* **LISTED ENTRIES**:
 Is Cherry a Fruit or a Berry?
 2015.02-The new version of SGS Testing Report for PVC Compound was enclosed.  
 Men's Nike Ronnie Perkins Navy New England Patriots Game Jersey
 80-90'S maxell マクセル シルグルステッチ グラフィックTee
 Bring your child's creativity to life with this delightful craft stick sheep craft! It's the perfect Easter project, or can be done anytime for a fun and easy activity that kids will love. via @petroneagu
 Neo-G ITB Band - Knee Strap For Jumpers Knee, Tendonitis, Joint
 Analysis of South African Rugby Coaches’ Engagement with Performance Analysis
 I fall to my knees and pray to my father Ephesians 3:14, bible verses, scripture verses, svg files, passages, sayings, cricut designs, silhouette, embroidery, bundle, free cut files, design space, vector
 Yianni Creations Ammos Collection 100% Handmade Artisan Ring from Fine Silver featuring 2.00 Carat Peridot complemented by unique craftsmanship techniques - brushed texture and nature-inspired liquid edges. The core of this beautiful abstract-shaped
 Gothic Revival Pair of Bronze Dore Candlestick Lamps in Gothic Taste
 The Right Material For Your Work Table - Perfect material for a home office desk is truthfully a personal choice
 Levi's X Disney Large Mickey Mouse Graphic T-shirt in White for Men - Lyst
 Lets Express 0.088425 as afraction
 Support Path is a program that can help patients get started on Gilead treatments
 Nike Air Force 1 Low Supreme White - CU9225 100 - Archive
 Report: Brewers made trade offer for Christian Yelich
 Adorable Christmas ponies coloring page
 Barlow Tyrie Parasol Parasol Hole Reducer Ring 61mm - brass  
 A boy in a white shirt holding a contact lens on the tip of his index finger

* **EXERCISE INSTRUCTIONS**: Search the entries for the string "Report" and return each line where it turns up.

* **RESPONSE FOR THIS EXERCISE**:
 2015.02-The new version of SGS Testing Report for PVC Compound was enclosed.  
 Report: Brewers made trade offer for Christian Yelich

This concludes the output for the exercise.